“Faithful men.”

imageAbout thirty-five years ago, when Dad was visiting us in California, we went to see a friend I discipled during university days. He took us to an expensive restaurant for dinner. During our conversation, he asked my father, “What is your greatest need for the ministry?” At that time, this friend was doing extremely well financially, able to write 5-digit checks without any problem. After a pause, my dad replied,

“Faithful men.”

My friend, a dynamic person, did not think my father understood his question. Again, he asked, “What is the greatest need for the ministry?” Again, my father answered, “Faithful men.”

I was also a little puzzled because I knew my friend was asking to fund a specific project. My friend thought that maybe he wasn’t communicating well, and he went on to other things.

A few years later, when my friend faced problems in his business, he remarked how often he thought of my father’s two-word answer. He had made a lot of money and started several businesses. He said my father’s answer changed his outlook.

After personally being in ministry myself for more than 50 years, I can say that is one of the most profound lessons I have learned from my father—the importance of faithfulness and the need for faithful men and women.

My parents’ lives reflected this faithfulness in little and big things. They demonstrated a life-long consistency. They were great in private, and great in their public ministry.

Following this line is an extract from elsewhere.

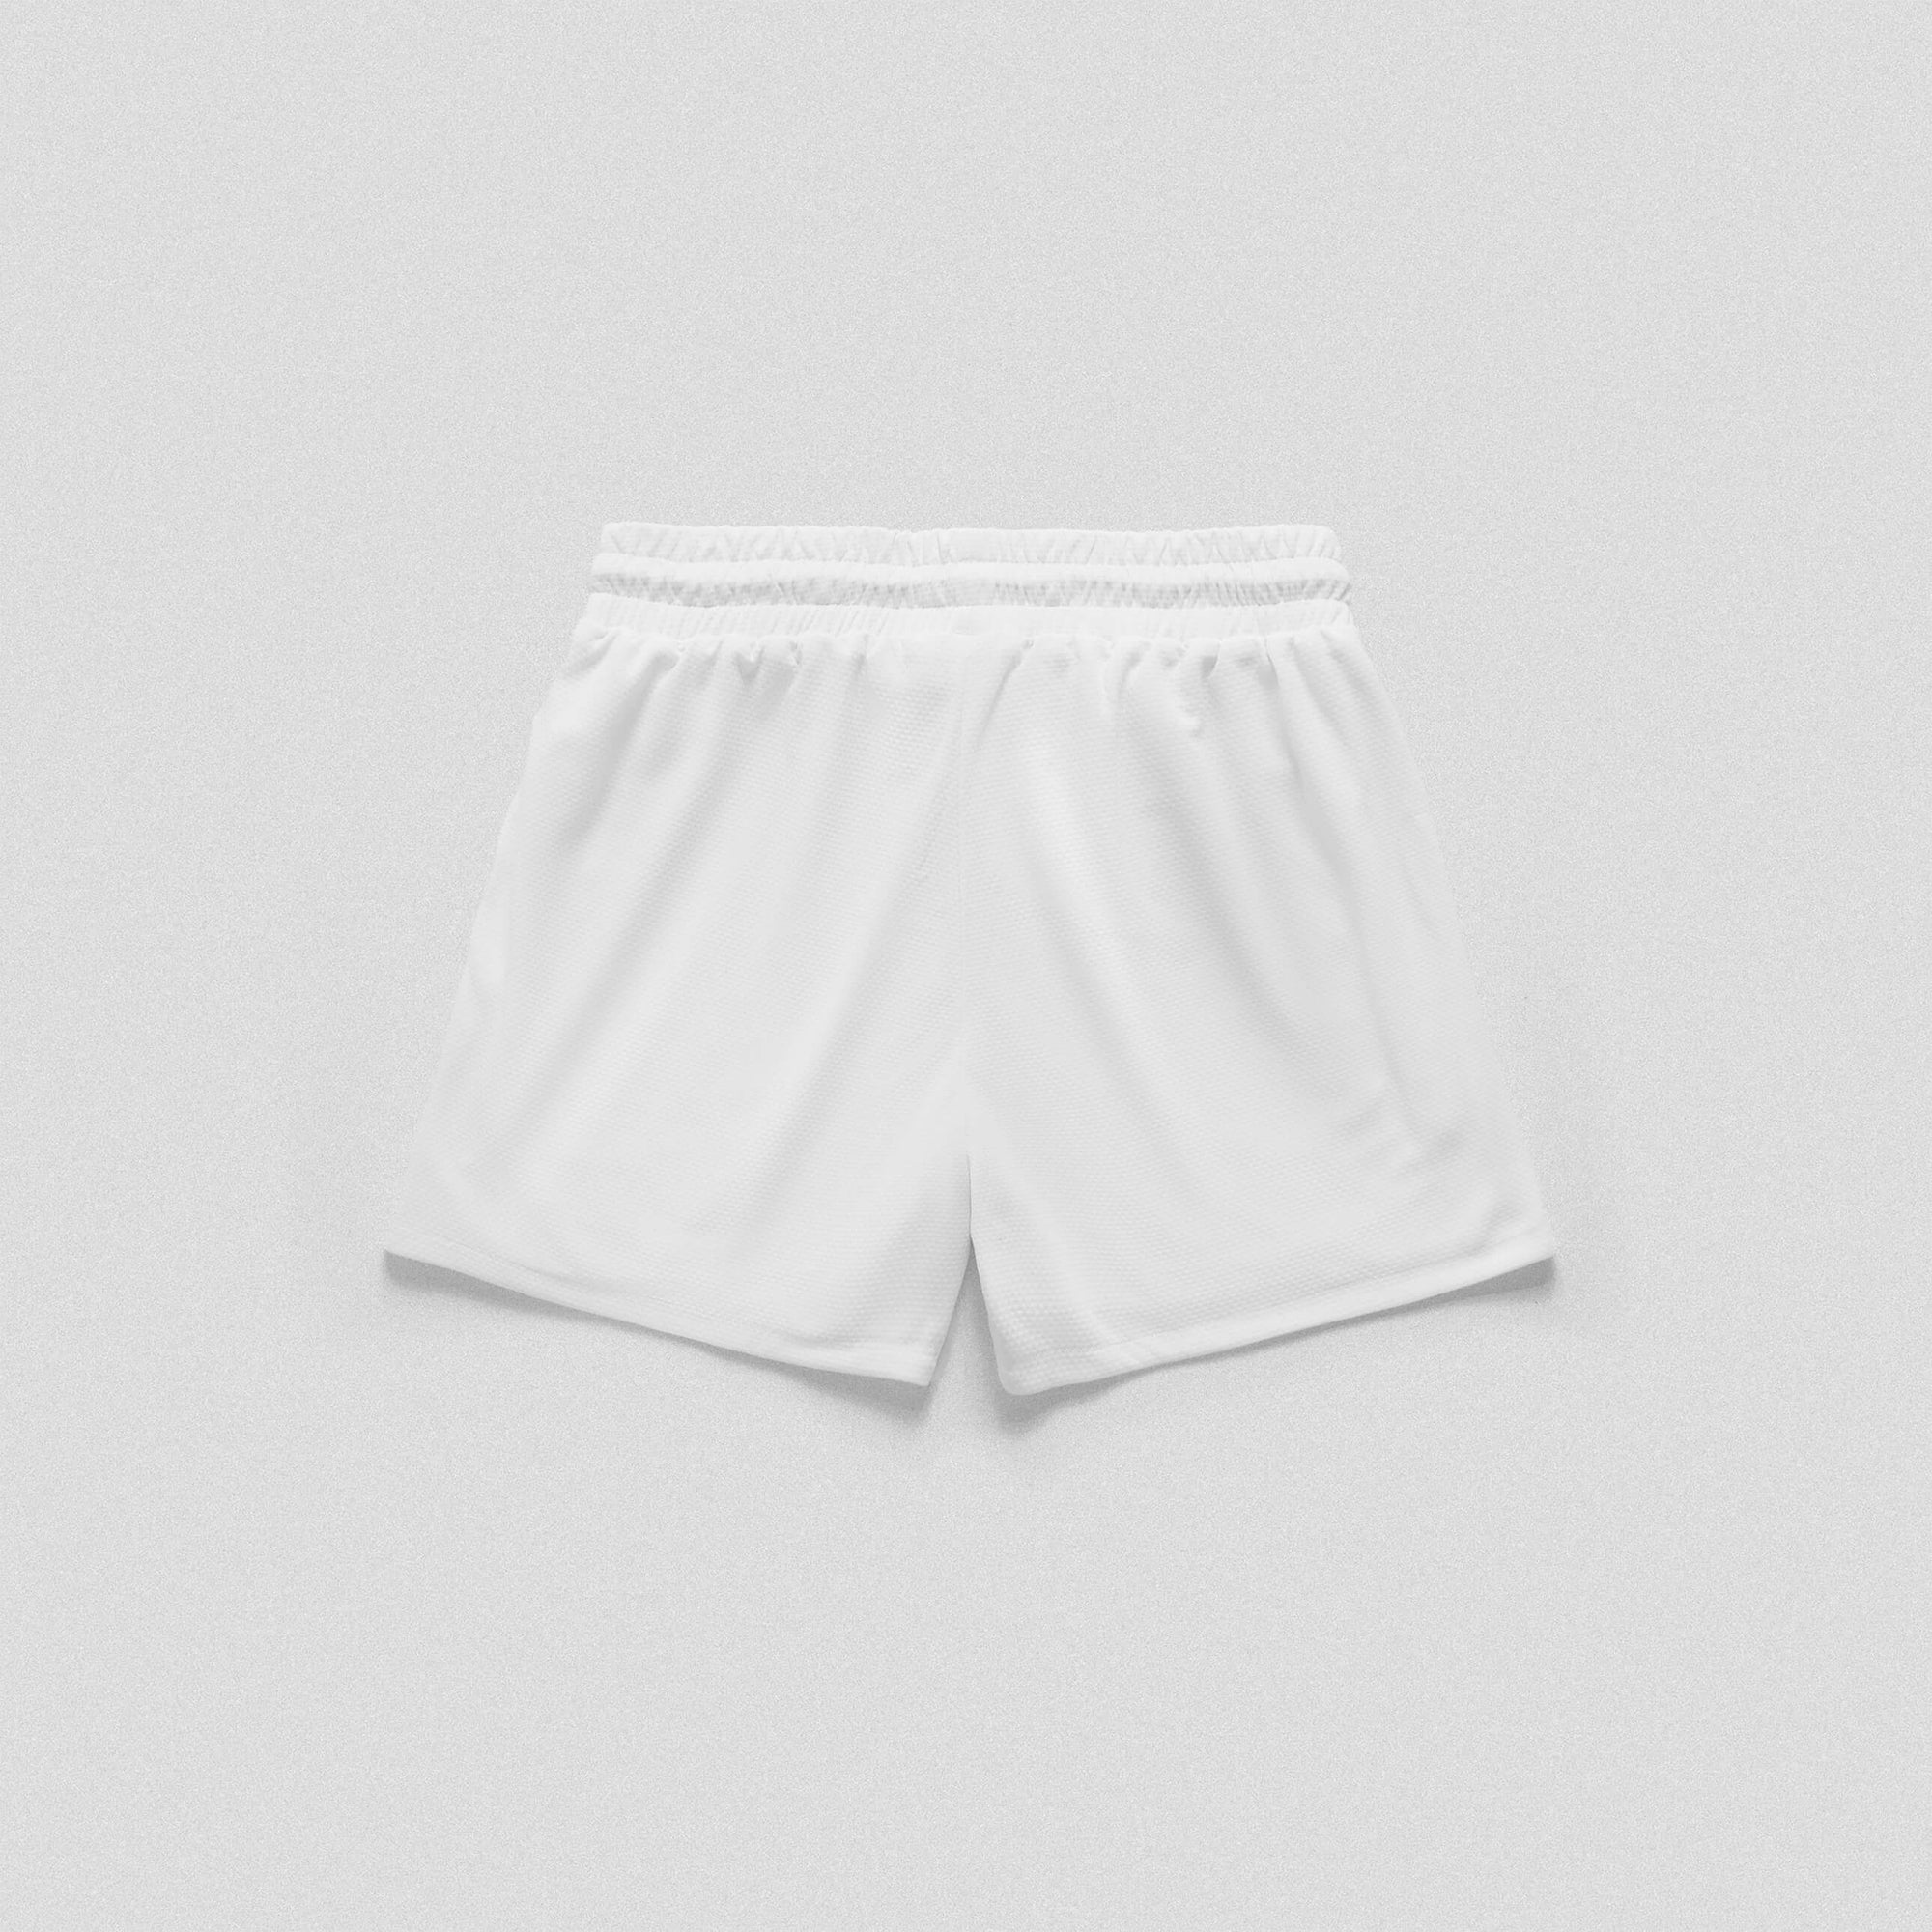 Mesh Training Shorts - White/Balboa

Here are a few ways they demonstrated consistency:

  • Their personal devotions and family prayer.
  • Practicing systematic and sacrificial giving.
  • Praying and keeping journals filled with prayer items.
  • Diligent students of God’s Word and excellent, systematic teachers and expositors.
  • Intentional to develop others for various kinds of ministry.
  • Faith that came from their confidence in God and being in the center of God’s will.
  • Christian forbearance in the face of false accusations and personal attacks from enemies of the gospel and false brethren.
  • Practicality–seeing God’s presence in everyday life.
  • Dressing and conducting themselves—not with ostentation, but to fit in any situation where both poor and rich could feel comfortable with them.
  • Regard for truth as more important than popularity.
  • Their relationship with each other remained close emotionally as well as in shared ministry, accepting, appreciating and admiring each other.
  • Their simplicity made it possible for them to impact people from all walks of life.
  • Their discipline cut out what was not necessary to focus upon what is essential.
  • They gave themselves to their children, grandchildren and great-grandchildren.

My parents fit the prayer of the person who prayed, “Lord, make me intensely spiritual, thoroughly practical, and perfectly natural.” They were spiritually natural and naturally spiritual. This will be their enduring legacy. Without them, my ministry and India Gospel Outreach would not exist. I praise God that in His grace, He chose them as my parents.